Exits: Don’t stay too long with a position to give it all back when the price starts moving against you. Make strict profit-taking rules as well, just as you will make stop-loss rules. Your exit rules can be as simple as a fixed percentage profit or can be highly complex that uses a mix of technical and fundamental technical indicators. No matter what it is, there must be a profit-taking rule based on price changes.

Risk management is probably the most important aspect of swing trading. Even the best of the strategy fails if not doubled up with top-notch risk management.

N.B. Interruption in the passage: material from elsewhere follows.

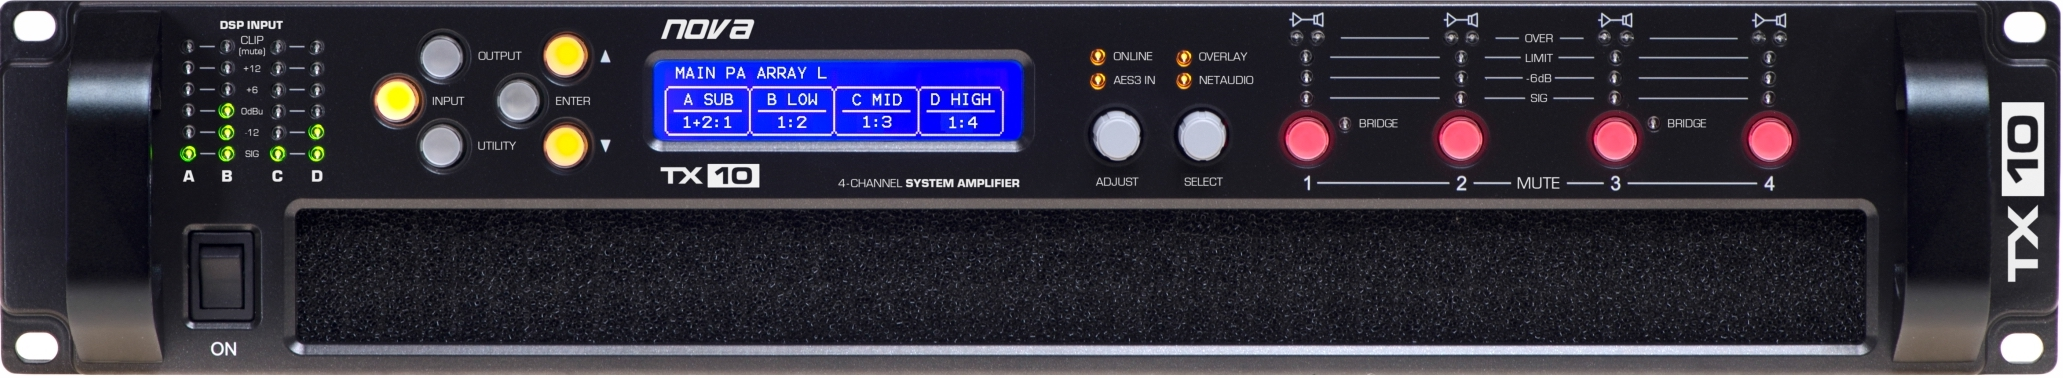 Nova TX10 D, 4-kanálový zesilovač, 10kW, DSP, DANTE FIR

An average strategy with great risk management will anytime beat a great strategy with shoddy risk management in swing trading.

Final Thoughts

Like any other trading strategy, swing trading also works on a simple principle:

“Win big when you are right and lose small when you are wrong”

That said, swing trading suits a patient trader who is willing to take the risk that comes with keeping overnight positions.

Because the churn (number of trades) in swing trading is lower that in day trading, traders tend to squeeze out higher profits from each position when they take an overnight risk.

Therefore, they end up entering a lower number of trades with a higher profit per trade as compared to a higher number of trades and lower profit per trade in day trading.

While the profit potential of a day trader is theoretically higher than that of a swing trader, profits generally vary a great deal based on the trader’s style, psychology, and strategy.

Keeping overnight positions exposes traders to wild movements at market openings, which is why risk management is of utmost importance in swing trading.

In most cases, traders take calculated risks with the responsible use of leverage to execute their swing trading strategies. They consider the overnight risk while entering the trades and never make a single trade a large part of their trading capital.